# Water change in shrimp tank



## Matt Warner (22 Sep 2012)

Hi all, I was just wondering what water change schedule is best in a shrimp tank. Is it better to do several smaller water changes during the week. Or just the normal 50% water change once a week. Or does it not really matter or does it depend on the species. Mine are yellow (Neocaridina heteropoda yellow).


----------



## johnski (22 Sep 2012)

I do about 30%ish a week, slowly siphoned through some airline tubing.


----------



## tim (22 Sep 2012)

i do 30%ish twice a week on my nano in my sig mate tried 50% once a week and the shrimp seemed to go a bit scatty seem ok with the approach im taking at the moment try and find a routine that works for you and your tank is the advice i'd give


----------



## KittyKat (22 Sep 2012)

Larger water changes will affect the parameters more than smaller ones. That is both why they are good and bad.


----------



## Iain Sutherland (23 Sep 2012)

About 10% a week especially with more sensitive breeds.  Shrimp dont like fluctuating parameters.  Yellows they should be fine with larger changes though.


----------



## LondonDragon (26 Sep 2012)

On my yellows 30l tank I do a 30% change every week, sometimes only every other week.


----------



## Westyggx (26 Sep 2012)

In my RCS and CRS nano i have sometimes only been topping the water up with no ill effects.


----------



## Matt Warner (26 Sep 2012)

Thanks for all the advice. I take it EI dosing is out of the question then because of the 50% water change. Would I be better off using something like tpn+ or just dosing trace every other day. It's a fluval flora so light isn't that high but I am running co2.
Cheers


----------



## Ady34 (26 Sep 2012)

Matty1983 said:
			
		

> Thanks for all the advice. I take it EI dosing is out of the question then because of the 50% water change. Would I be better off using something like tpn+ or just dosing trace every other day. It's a fluval flora so light isn't that high but I am running co2.
> Cheers


Hi there,
the water changes we carry out are to remove organic waste build up as a by product of plant growth, fish load, shrimp loads etc, not due to ei dosing....the most important factor with ei dosing in shrimp tanks is its effect on TDS which some of the more sensitive shrimp are fussy about. 
With the reduced lighting you say your running you could reduce fert dosing to say half or even a quarter of the recommended dosage as plant growth will be slower and therefore require less food. TPN+ contains all the same ingredients as ei fertilisers so it makes no difference other than cost wise which you use. You may get away with dosing just trace, but with c02 id keep up with macro and micro dosing, just reduce it down so as not to effect TDS too much.

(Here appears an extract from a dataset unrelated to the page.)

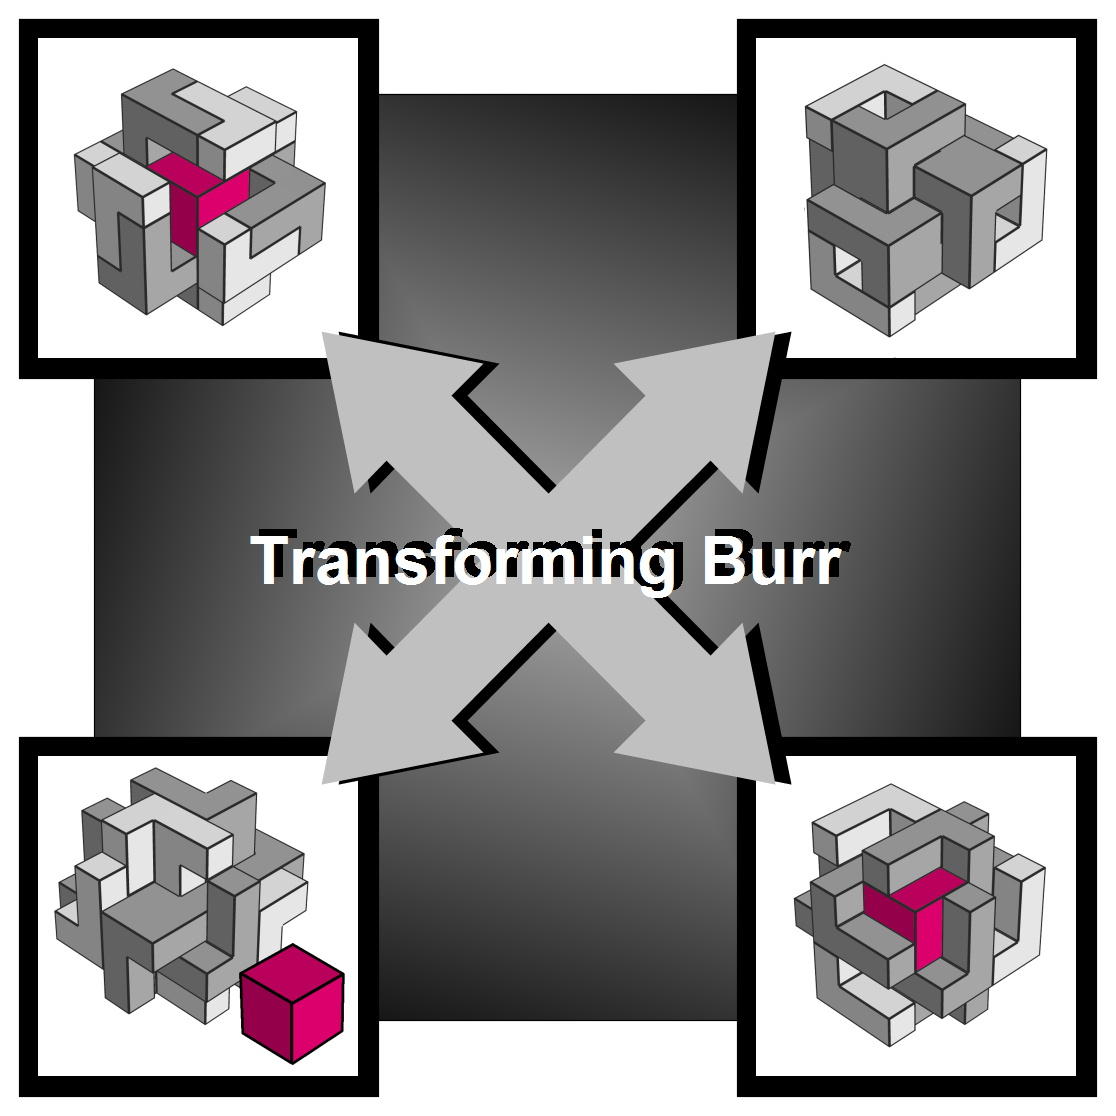 transforming-burr-4-solutions.jpg

If you see any deficiencies, just up it a little.
Your yellow shrimp are a hardier species so 30% water changes/week will be ok, you could get away with less most likely as with low lighting, plants will grow slower and produce less organic waste so 50% water changes are less necessary. Do you use a tds meter at all or have access to one as this will tell you the tank and tap water perameters so you can see if the two are similar and adjust with buffers/ro water if there is a huge disparity.
Cheerio,
Ady.


----------



## Matt Warner (26 Sep 2012)

Thanks very much Ady! I have been dosing macro and micro but only very sparingly. Plants all seem to be growing well. I do have a TDS meter and I measure the TDS of the water adlfter adding ferts so as not to make the reading go up too drastically. I'm slowly learning how to keep shrimp happy as I haven't had much luck with them in the past!   
I think I will do what in doing now with a small 30% water change each week. I think the shrimp are happy though as they have all doubled in size in just over a week, and the females saddles are growing by the day so hopefully will have some berried shrimp soon


----------



## Ady34 (26 Sep 2012)

All sounds good, so "if it ain't broke, then don't fix it!" hopefully you'll have some shrimplets soon  
Cheerio
Ady.


----------



## basil (26 Sep 2012)

As others have said, stability is the key with all shrimp. IME i've found yellows a little more fussy that standard cherries. 50% wc is deffo too much though, and personally i do 20% wc, dropping to 10% every 2 weeks when i have new born shrimplets in the tank. Would also suggest dropping a simple air stone in......this will help loads with your adult breeding and also shrimplet survival rates.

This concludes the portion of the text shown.